The full listing is to be transcribed exactly, with each picture left out.

● Given information:
+++++
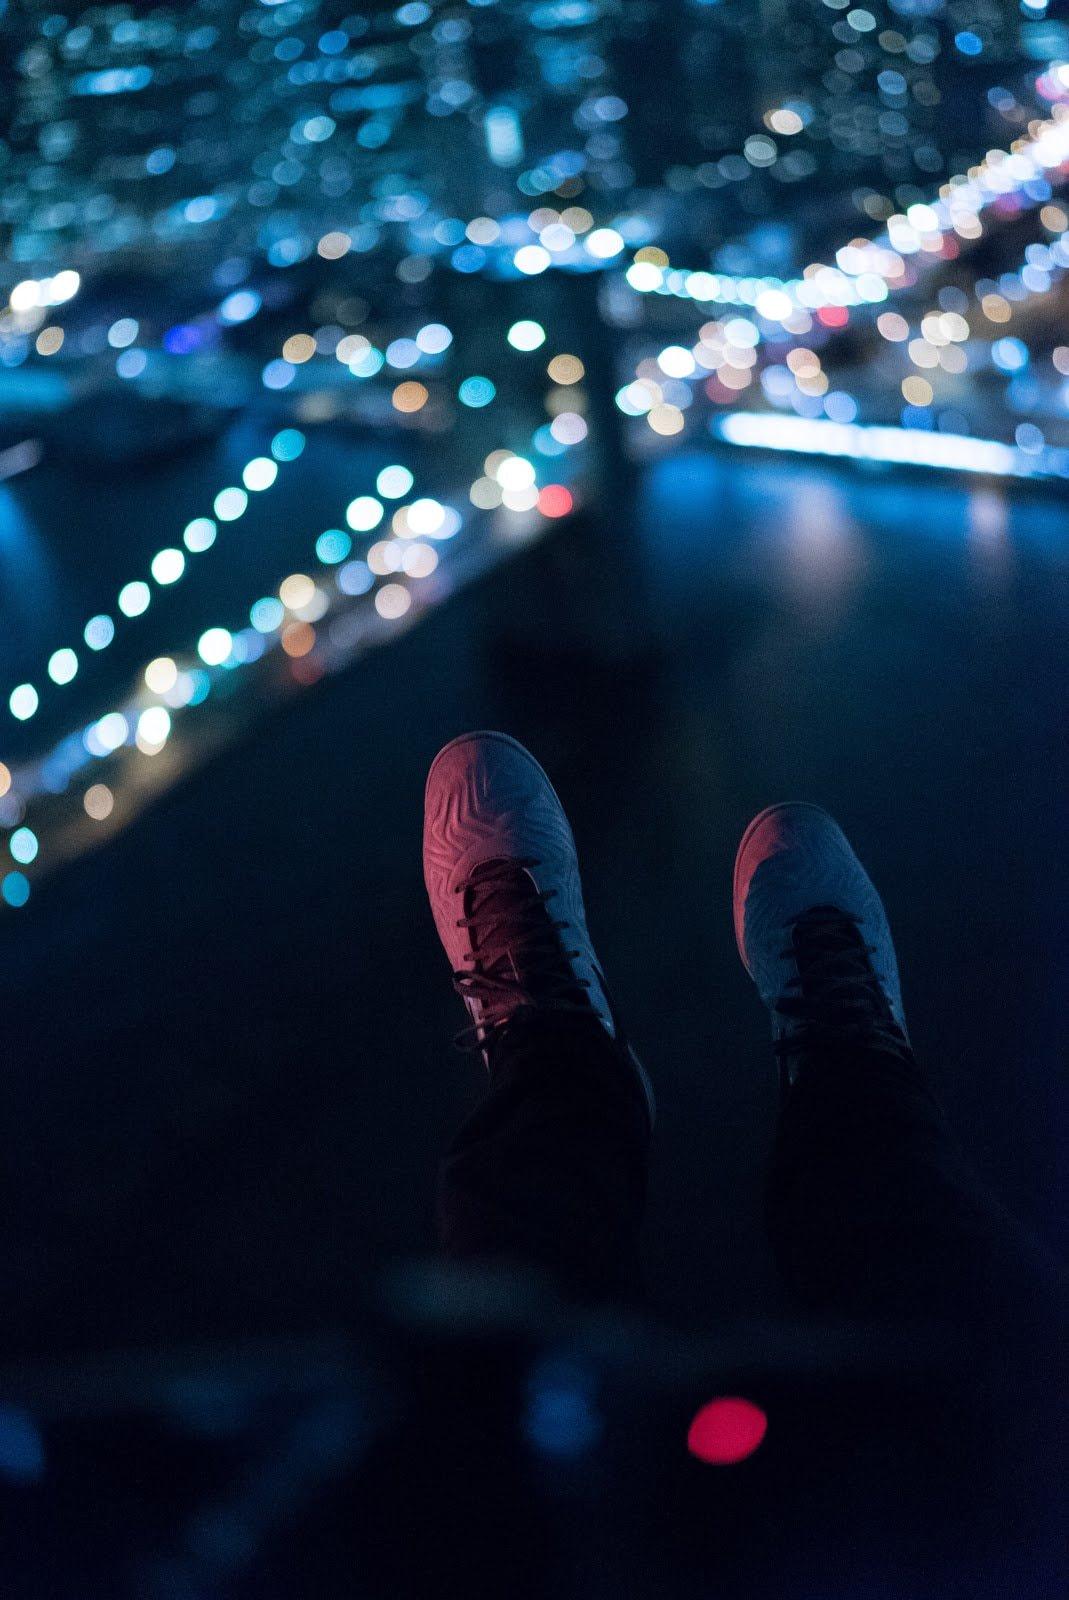 City lights bokeh as an example of depth of field photography by Matt Nelson
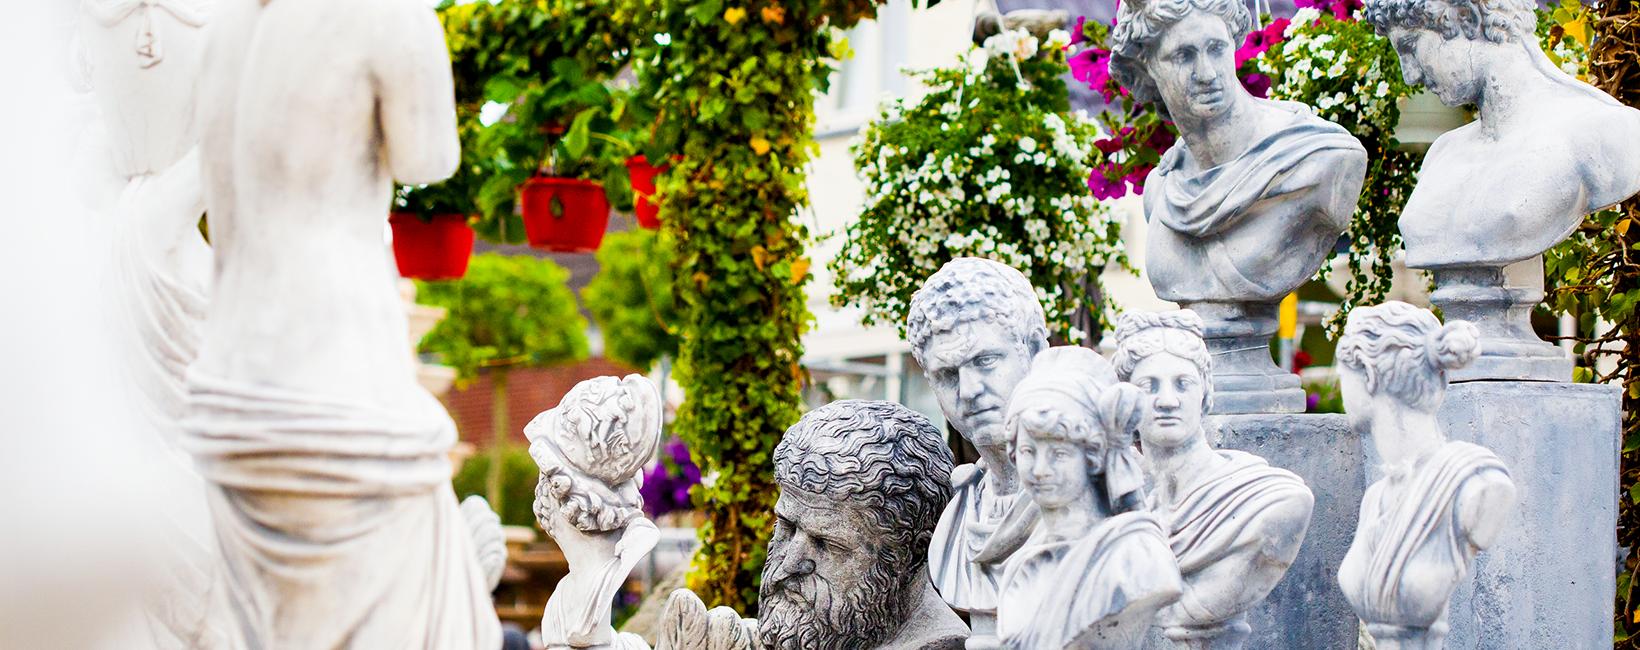 Tuindecoratie, Fonteinen en tuinbeelden Jose
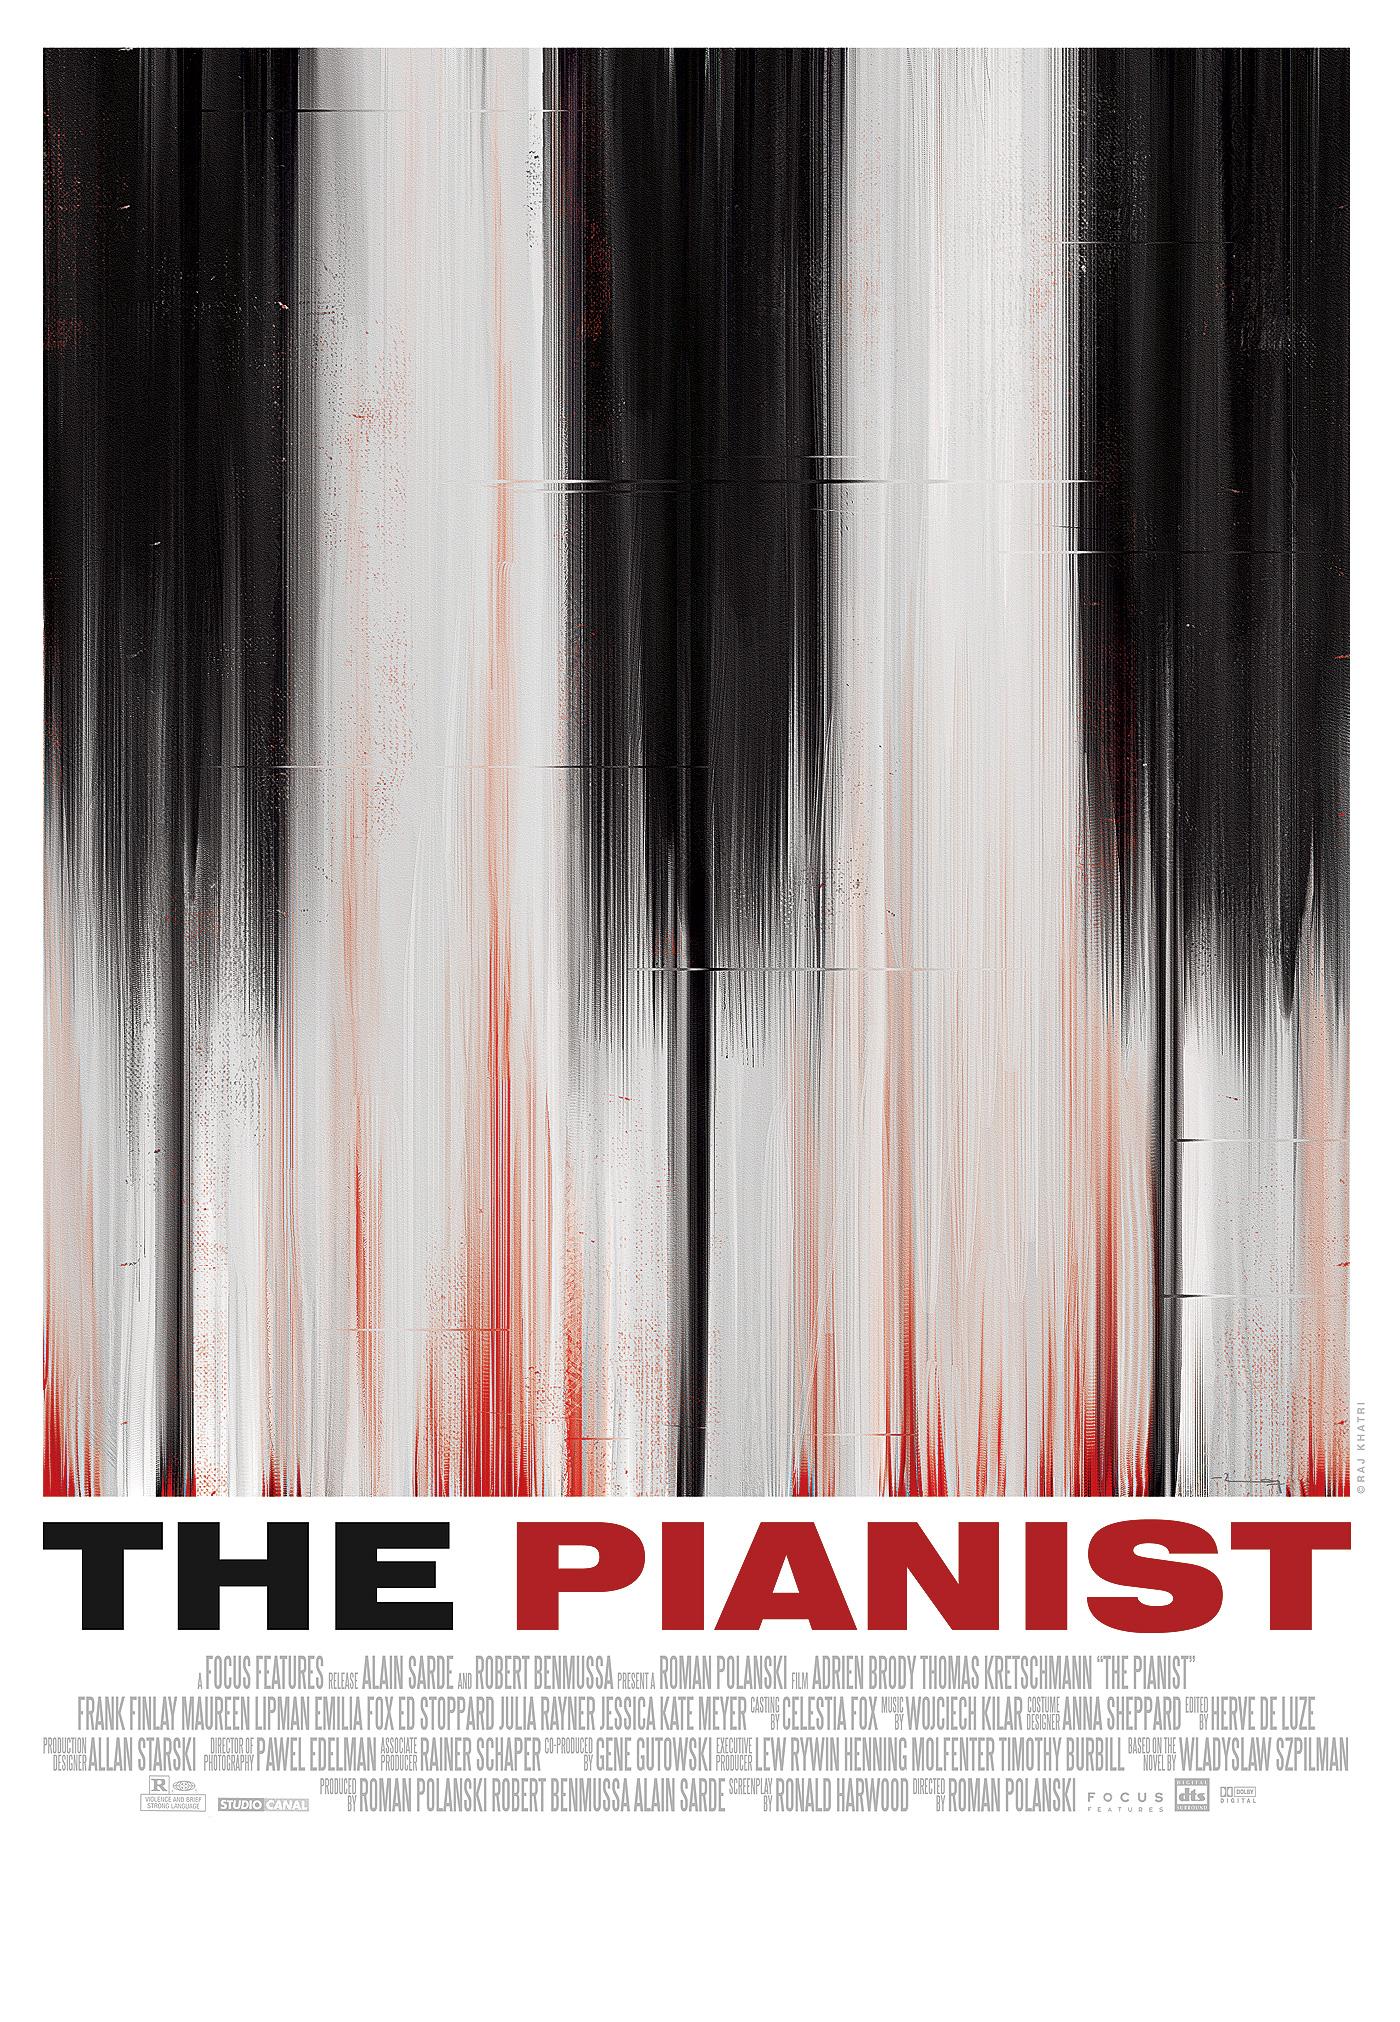 5pianist (1)
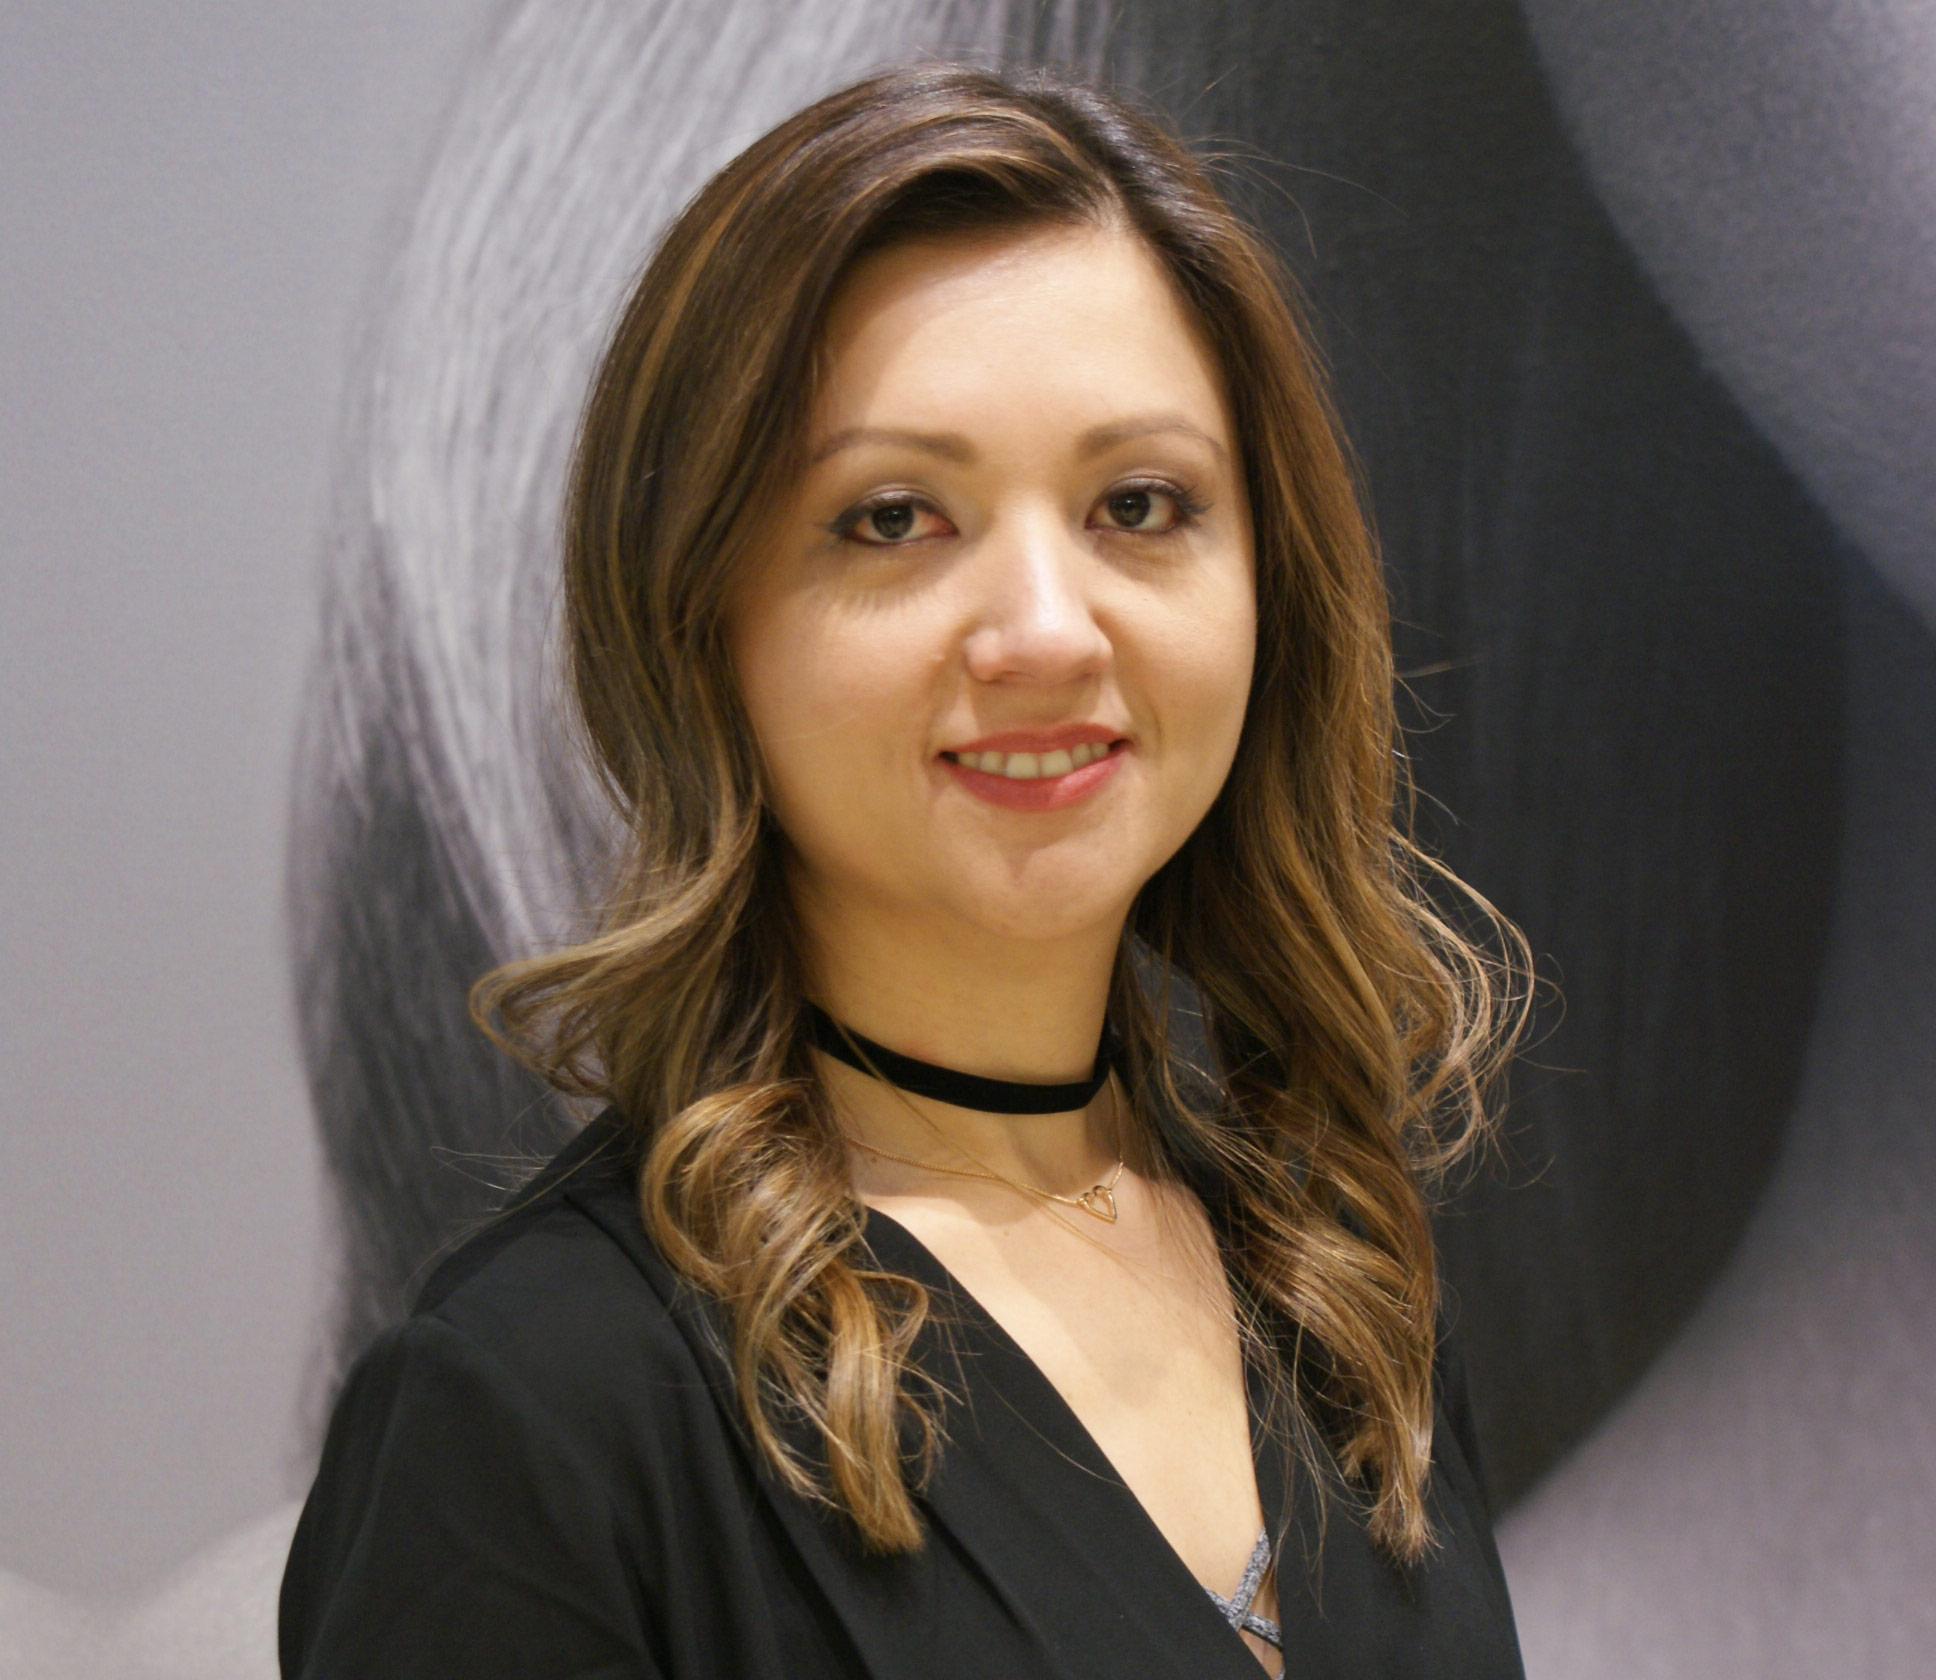 Olga-Hernandez-Cosimos-Salon-Burlington
+++++
● Your response:
 City lights bokeh as an example of depth of field photography by Matt Nelson
 Tuindecoratie, Fonteinen en tuinbeelden Jose
 5pianist (1)
 Olga-Hernandez-Cosimos-Salon-Burlington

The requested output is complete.